Why did we use whole flies for these studies instead of heads or brains? The co-authors extensively discussed this issue before deciding on using whole flies. We thought that starting with whole flies is the best approach because lead has numerous physiological effects throughout the body, and not just in the nervous system. We also believed that lead could have global effects on gene expression in a conserved manner, but the neuronal effects would become manifest only in the nervous system. We also argued that if we decided to analyze only the head (of which over half is brain and eyes, which are also parts of the nervous system), then we might be throwing out interesting gene expression changes that occur in the PNS (e.g., ganglia) and other parts of the body. Futhermore, a criticism of mouse genetical genomics experiments that use whole brains is that smaller regions of the brain would have been preferred. For Drosophila, we believe the next step should be to repeat these studies with fly heads or, even better, specific types of neurons or brain regions by using a purification technique, such as the bacTRAP technique that was developed for purifying mouse Purkinje cells and other neuronal types [35,49,102].
Why did we only do one microarray experiment for each of the 75 RILs in the presence or absence of only one concentration of lead? The most obvious answer is that this would have been prohibitively expensive. However, the great advantage of genetical genomics studies over other types of gene expression studies with microarrays is that the most important unit of replication is the genotype of a particular genome region (ORE or 2B) and not the RIL. Since we performed 150 microarrays, we analyzed gene expression of the ORE genotype ~75 times and of the 2B genotype ~75 times for each region of the genome. Not many studies have run 75 replicate microarray experiments, but we have essentially done so in this study.
What is meant by a “significant” change in gene expression? We decided to go by P value (via two tailed t-test) rather than by absolute change in gene expression (e.g., a minimum 1.5-fold change used by many investigators). The main reason that some other studies use a threshold of 1.5 as being “significant” is that they wish to identify the genes that are likely important in a response, and it can be argued that a change in steady state mRNA levels of only 1.2 is unlikely to cause a significant change in protein levels. However, this is not the case in our studies because we are primarily interested in pathways (i.e., transbands) rather than individual genes, so we believe that “significance” by t-test is a more robust approach. Also, as mentioned in the previous paragraph, since we essentially replicated our studies ~75 times for the genotype of each region of the genome, a 1.2-fold change, which is a typical change in gene expression in a probeset in the transbands, can be very significant.

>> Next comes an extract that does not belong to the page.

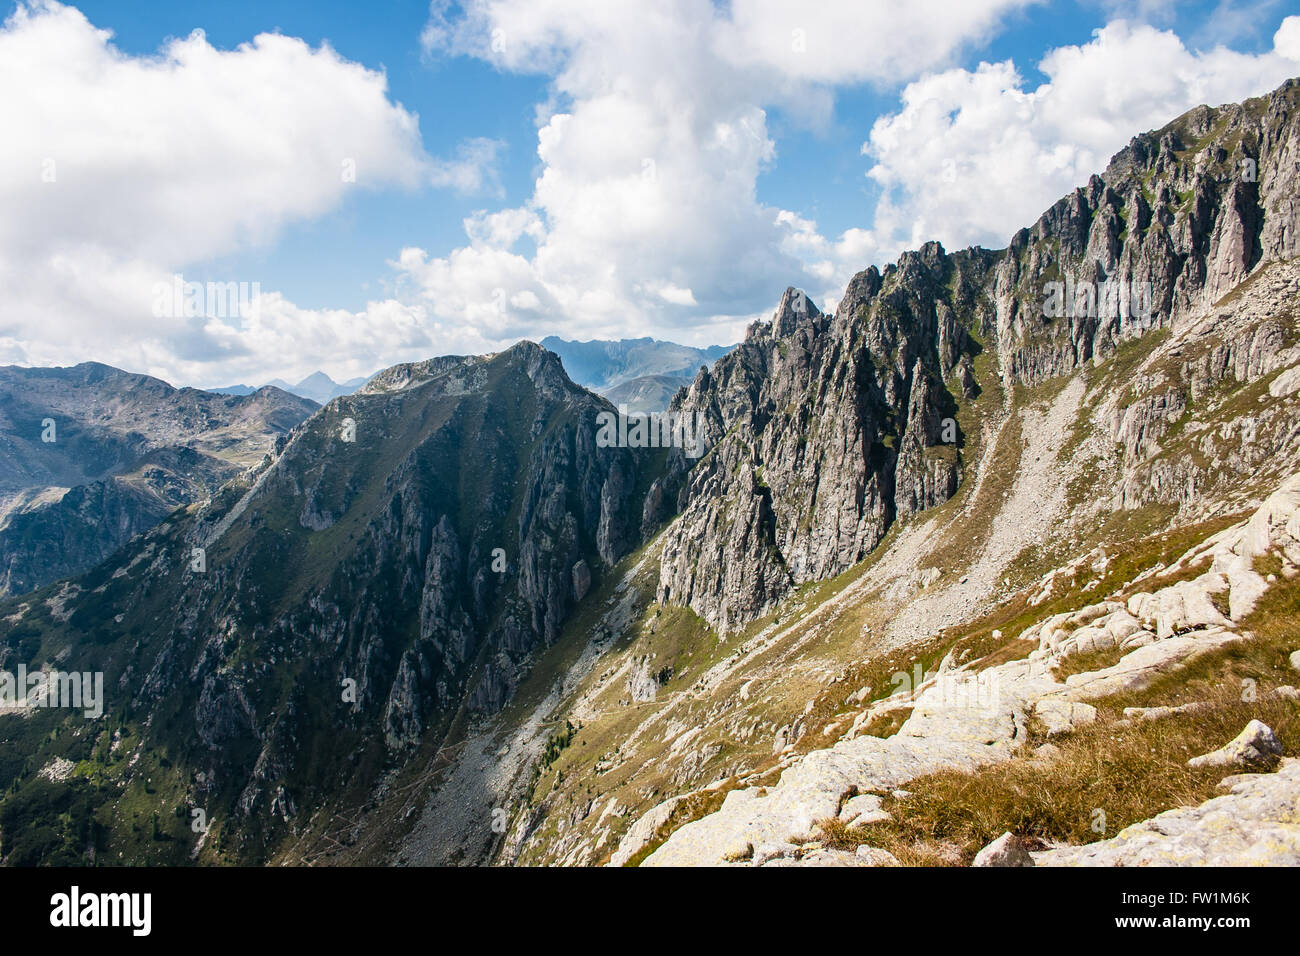 Landscape from the Lagorai Mountains near Cima d'Asta; Trentino-Alto-Adige, Italy. Stock Photo

What is the cost effectiveness of doing genetical genomics in Drosophila versus mice or some other model organism? In general, the smaller the genome, the more powerful the genetical genomic studies can be. For example, genetical genomic studies done with a similar number of RILs in the small-genome organism Saccharomyces cerevisia have mapped cis-eQTL and transbands to the exact polymorphism . Genetical genomics studies in C. elegans, which has a similar genome size as Drosophila melanogaster, can map eQTL to within 5 cM, which corresponds to dozens or hundreds of genes, but further fine-mapping studies can be quickly done to identify the exact polymorphisms responsible [77,97]. Genetical genomics studies have also been done extensively in rats and mice [7,36,70], which have a further 10-to-20-fold increase in genome size, but the precision of these studies is consequently much broader and fine mapping studies are much more difficult. Fortunately, next-generation “cheap sequencing” technologies have begun to enter the genetical-genomics field , and these techniques might soon allow these studies to become cost effective in mammalian models for even small laboratories.
Responses to stressors must play a vital role in evolution, and our results provide insights into mechanisms that may be involved. We identified several transbands that might contain master-modulatory proteins that are affected by lead in one genotype but are insensitive to lead in the other genotype. Since we started with only two parental lines, there might be many more such master modulatory proteins in the genome in a population of Drosophila that are similarly evolving. Another question is whether these same master-modulatory proteins uniquely acquired sensitivity to lead, which seems unlikely, or respond in similar manners to many environmental toxins. Toxin-induced changes in the regulation of these proteins might result in the development of a slightly “modified” nervous system that could enhance fitness in a contaminated environment. Consistent with this, lead-induced changes in mating and in fecundity in Drosophila  can be interpreted in terms of changes in resource allocation by the female that may, from a long-term perspective, be adaptive. The studies presented here show many promising new avenues for investigation.
There are several practical applications for the data generated in the study. The data will be deposited in the GeneNetwork website (http://www.genenetwork.org) so that other investigators can look for correlations between gene expression patterns and phenotypic traits. The GeneNetwork is an open resource and consists of a set of linked resources for systems genetics. It has been designed for integration of networks of genes, transcripts, and traits such as toxicity, cancer susceptibility, and behavior for several species. Phenotypic QTLs using the roo lines were identified in numerous other QTL mapping studies [46,47,60,69,75,89,114,115]. For sets of phenotypes, particularly those in Gene Network's databases (Drosophila phenotypes are not yet in this database), a variety of correlation analyses can be performed with the gene expression data. Trait values entered by users or retrieved from the databases can be correlated with any other database of phenotypes from the same mapping genetic reference panel, in our case, the roo lines. The future addition of our data and other Drosophila QTL data to GeneNetwork will be a tremendous boon to the Drosophila community and to the genetics community in general.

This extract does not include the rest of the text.